Burton Group’s Lewis said customers need to consider their network architecture and realize that centralized access and identity management is key to tying personalized directory and portal information back to network policy.

New alignments toward authentication will be addressed. The Liberty Alliance, a group of companies that includes Sun Microsystems and AOL, will announce new members, and its progress in creating an alternative to Microsoft’s Passport and .Net online authentication system.

In line with this trend, identity management vendor Oblix last week said it is extending its Web site SSO (single sign-on) function to Passport users and plans to repeat the effort with the Liberty Alliance. Sources say the next version of Passport will support federated Kerberos, Active Directory, and Windows Server.

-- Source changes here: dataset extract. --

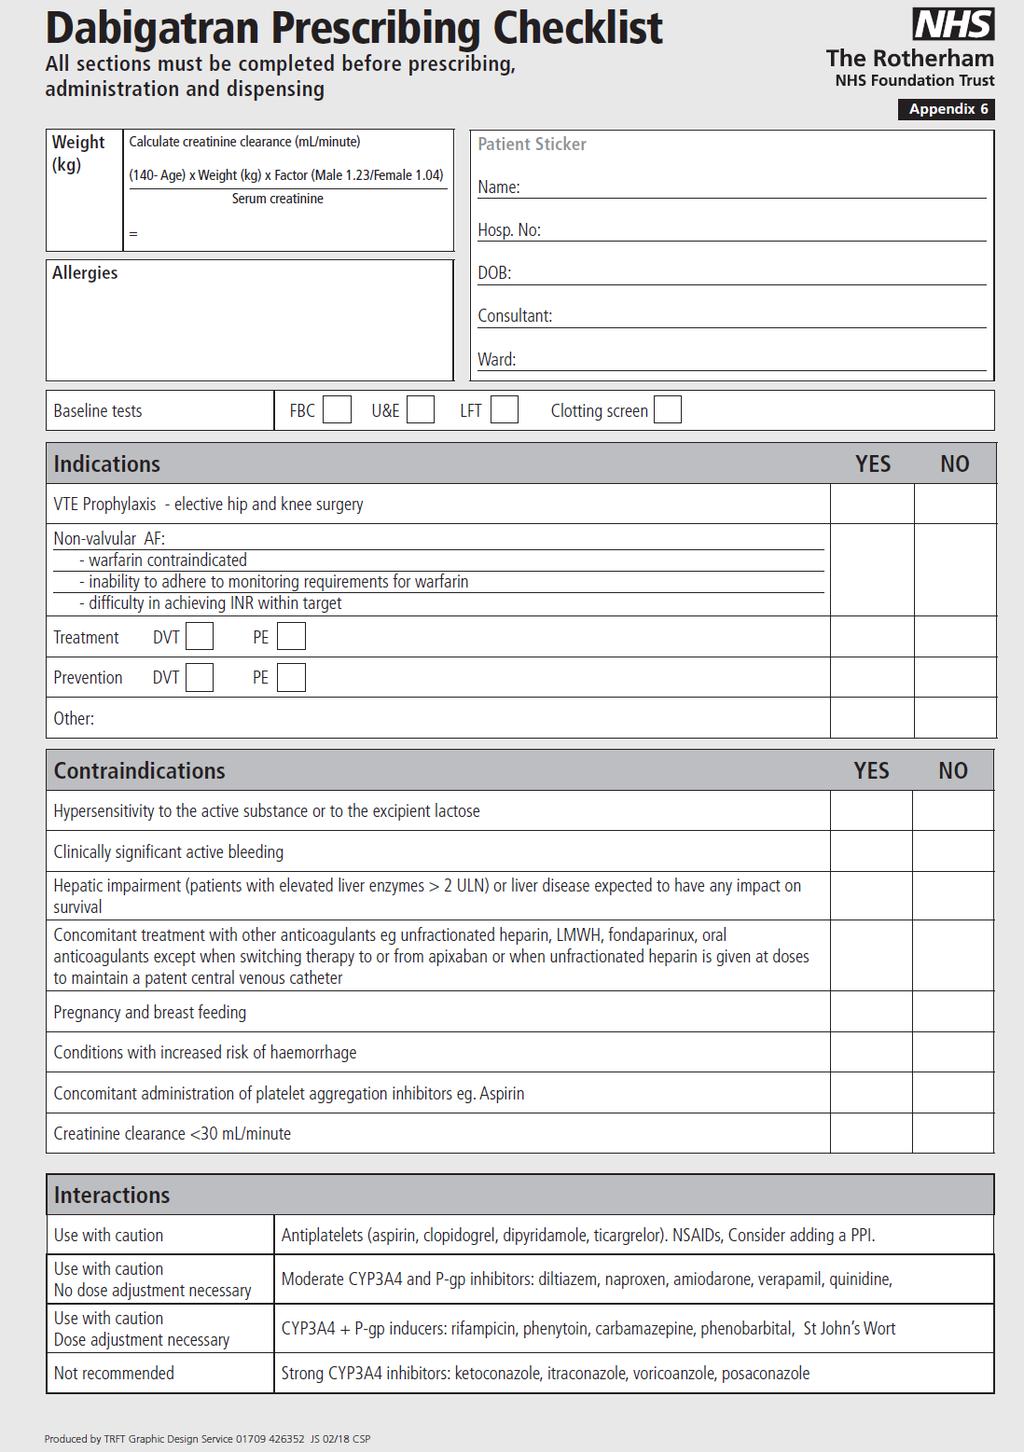 APPENDIX 6 Do not use or copy this example an original version of this form is available at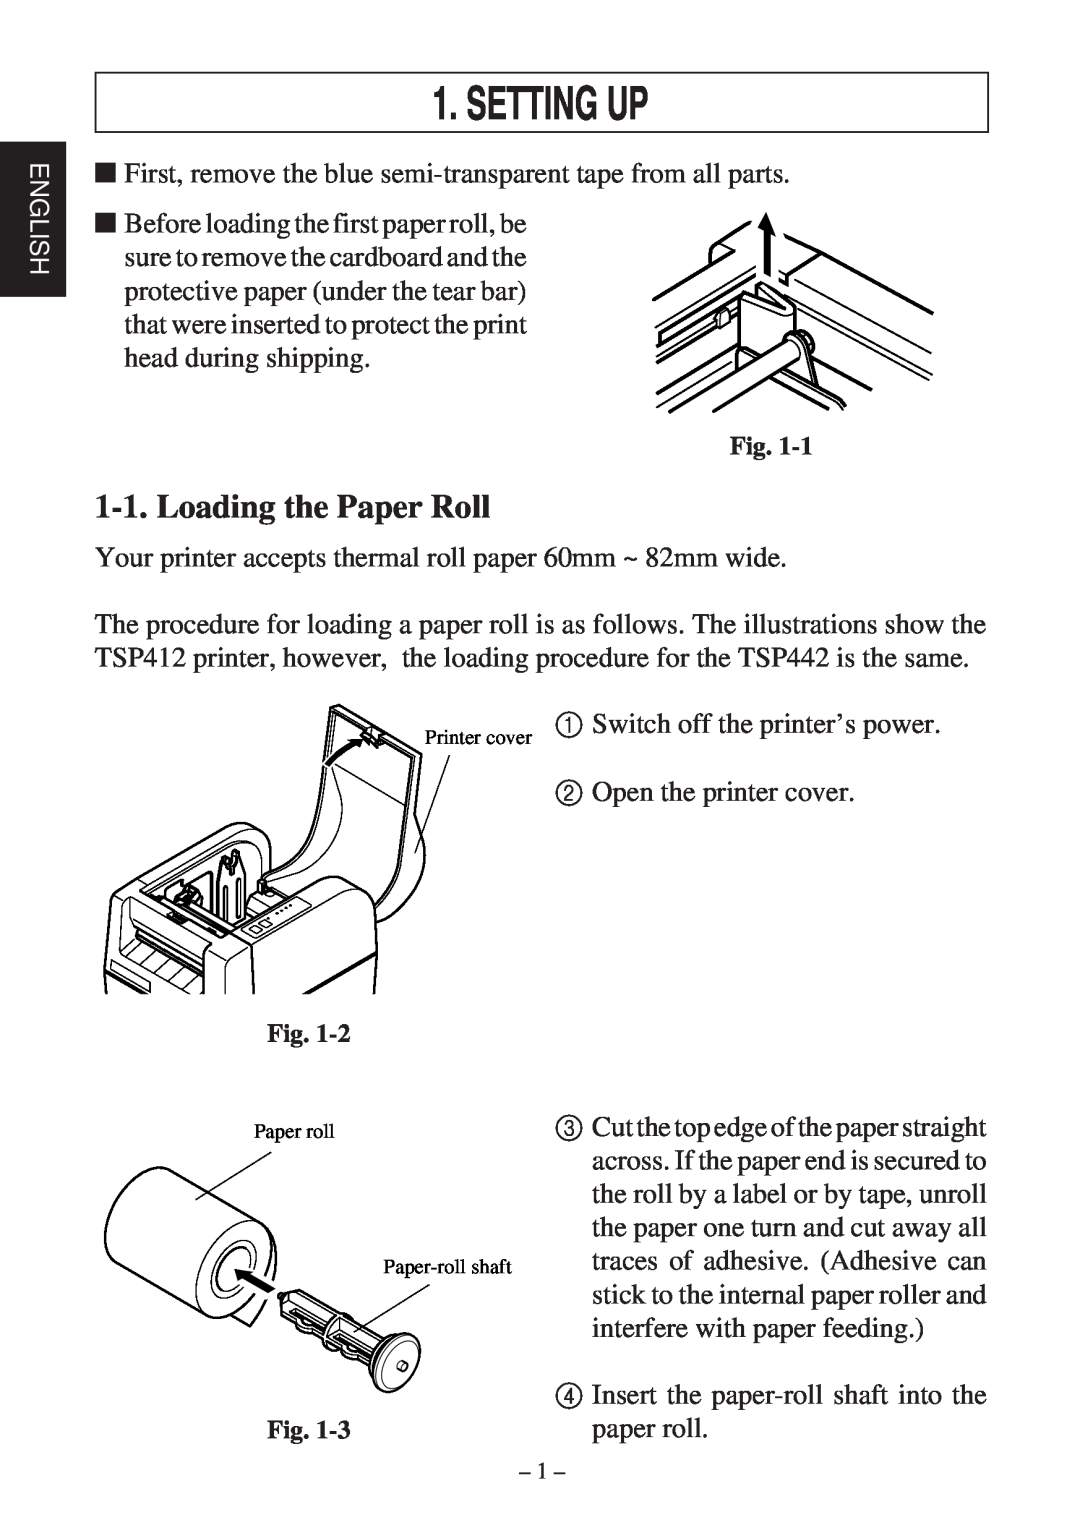 Star Micronics TSP400 Series user manual Setting Up, Loading the Paper Roll

Although the established players are focusing on authentication, the massive volume of data shared and delivered by Web services requires more security focus on the language inside the document in transit rather than on the verification session, said Pete Lindstrom, an analyst at Hurwitz Group in Framingham, Mass.

This week, Dublin, Ireland-based Vordel will unveil VordelSecure, that adds SOAP (Simple Object Access Protocol) messaging and routing for XML security in a Web services framework. It can be deployed to intercept SOAP requests as they arrive at the server for verification. It also forwards verified messages and deflects attempts to overpower SOAP messages such as buffer overflow.

Bridgewater Systems, of Kanata, Ont., will demo its Web services-tailored NetProfile access control device at RSA. Sitting between the firewall and app or Web servers, it looks into messages to perform credential checks and audit trails.